In the coming weeks, our board will appoint an interim leader to maintain our progress as we conduct a national search for a permanent chancellor. The legacy that Frank leaves gives me absolute confidence that we will find another superstar to help lead us. Whoever that person is, he or she will be welcomed by a dedicated and supportive Board of Governors and a State University System that is poised for greatness.
Dean Colson, chair, Florida Board of Governors, Tallahassee
Spending on the arts pays off | Aug. 5
Competition and rewards
This letter brought much-needed attention to federal arts spending. Congress should not cut funding for the National Endowment for the Arts, a vital federal agency.
However, the accessibility of arts grants, at the state and federal level, needs to be addressed.
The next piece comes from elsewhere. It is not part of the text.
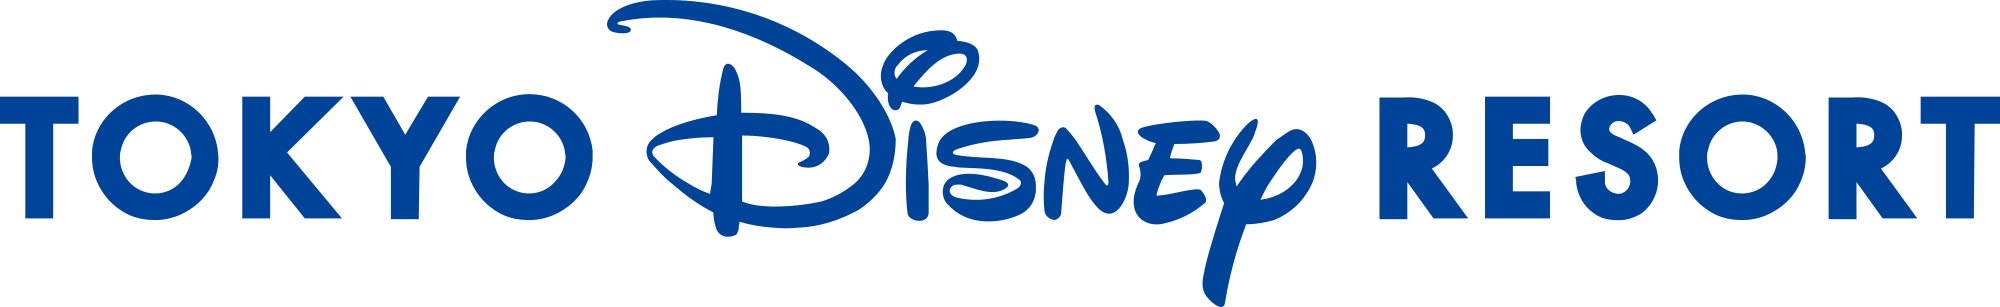 Disney Resort Logo - Tokyo Disney Resort logo.svg
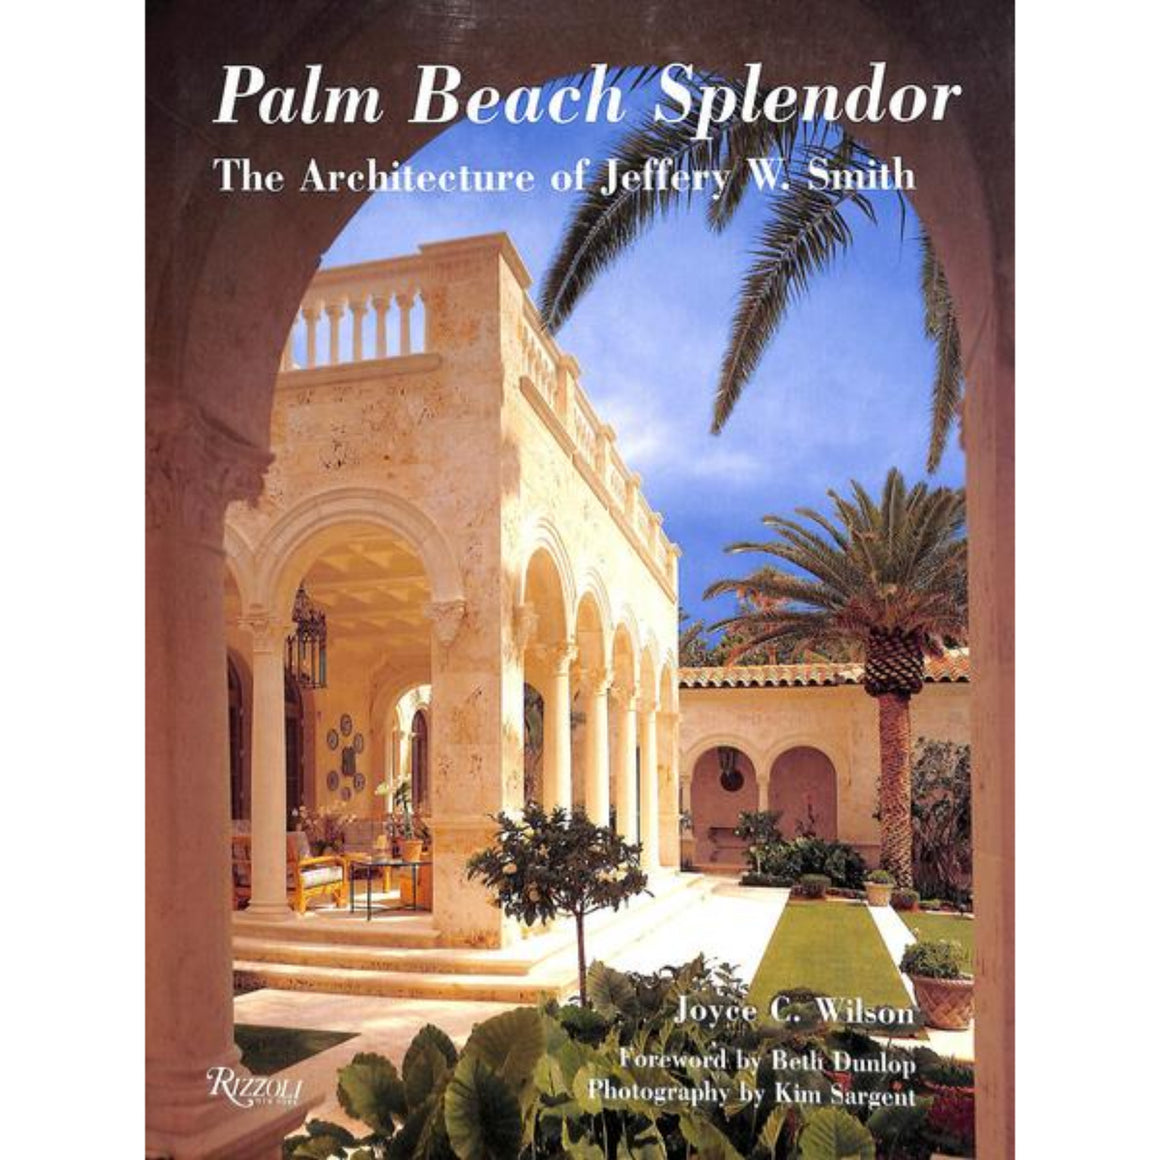 "Palm Beach Splendor: The Architecture of Jeffrey W. Smith" 2005 (SOLD)

Grant dollars are typically filtered — and their impact diluted — through institutions and stand-alone programs that only offer short-term employment for artists. For the most part, artwork is not being created as a result of NEA initiatives in Florida, including in the Tampa Bay area.
Congress needs to overturn the ban on individual visual artist fellowships and allow applicants to compete based on merit. This will result in artwork actually being created, and bring the highest benefit to individuals and to the nation's art and cultural life.
Joseph Weinzettle, St. Petersburg
Code system called broken | Aug. 2
Professional help needed
Tampa's code enforcement and DUI squad debacles suggest the city would be better managed by replacing the strong mayor model of government with the council-city manager model. City managers are hired based on formal training and prior experience in city management.
Management education emphasizes long-term planning, something that is lacking in Tampa, particularly for infrastructure and neighborhoods. As an example of how planning can accomplish major goals, in the early 1970s, San Diego (my hometown) planned to bury the power lines and accomplished the goal in 10 years. In contrast, my neighborhood in Tampa has been unable to get a left turn arrow added at a traffic signal, much less get a single power line buried.
Under Mayor Bob Buckhorn, Tampa was transformed into a military state for the Republican National Convention. This apparently occurred because it was anticipated "the public" would show up, but most ultimately stayed home. In contrast, Charlotte, N.C., which uses the city manager model, had a street festival when hosting the Democratic National Convention. They had a festival, while we got the "halt, who goes there" treatment.
Tampa will remain stuck with debacles until it gets rid of the strong mayor model.